One thing I can say for certain about this blog is, after the last two days, it has made me feel like—as clichéd as this sounds—a new person. That I am told by many people in private messages that it may stand someday as an interesting document for me to look back on is not something that concerns me right now. I have felt this unbelievable compulsion to write, write, write since my tumor removal—like my existence quite literally depends on it—a kind of crazed, reptilian determination just to open my laptop, find a public website, and write down my thoughts. The overhwelming compulsion stems from the idea that, from the “privacy and safety” of my couch, feeling completely alone and at peace with myself, I can write down one record of everything I feel compelled to say. And also I have the general awareness (on some level) that the contradicting people in my life could all have the option to read the same exact words, the same “official record” of my thoughts. For some reason unknown to me now, this why I feel compelled to write at this juncture—to put it out there in the Universe as an official record of what only I have been thinking all my life, and that if anyone wants to read it, fine. I don’t want to throw it in people’s faces—no, it’s not that at all, and I don’t want people to cry for me and I’m not soliciting sympathy—I just have this overwhelming desire that my thoughts are “available” in long form if you are interested. If you don’t care to read this, don’t read it. I don’t really care if you do or don’t and I won’t wonder why.

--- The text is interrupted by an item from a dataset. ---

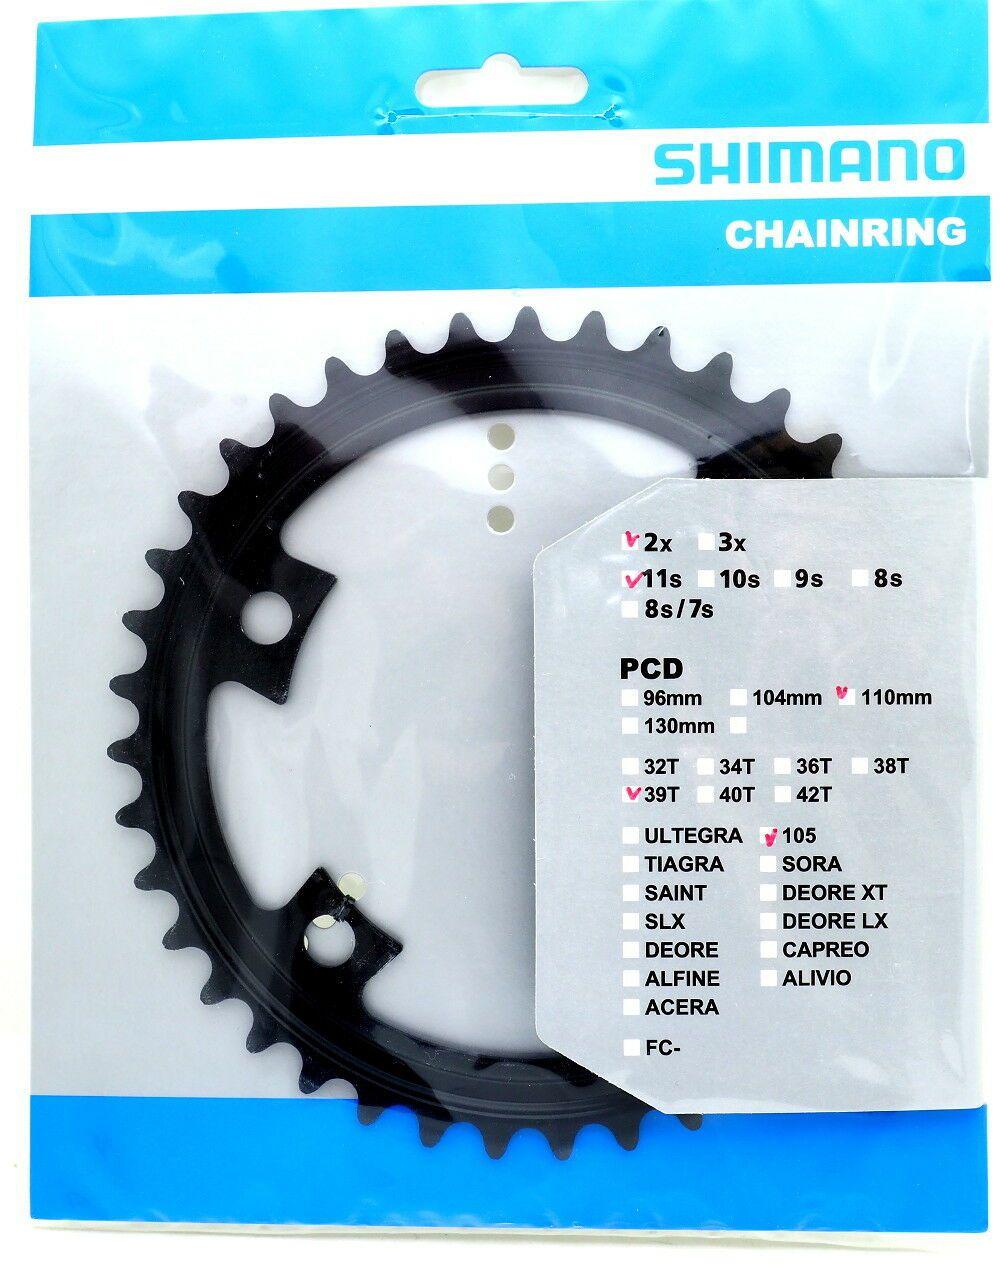 Coroa Speed Shimano 105 R7000 39 dentes 4 furos Bcd 110 11 Velocidades

Any time I have written anything in my blog, it has been with this almost maniacal drive to write about what I feel like I want to write about, just at that moment. I have had no plan, and no idea where this was going to take me. No ulterior motive, no timeline, no “goals to achieve”, just an open forum where—at any given moment—I can spring up from the couch (MJ’s surprise: “What’s wrong!?” Me: “Nothing, I’m fine. I just need to write.” MJ: “OK.”) and feel this incredible urge that I simply must write one particular thing, right at that moment, be it an old memory, a dream, a silly vignette, or something else. The only thing I can say for certain is I just “knew” in every instance what I have “had” to write for every entry, going back to the Caring Bridge entries (which I guess I should copy at one point and bring over here to have it all in one spot; I’ll make a note to do that).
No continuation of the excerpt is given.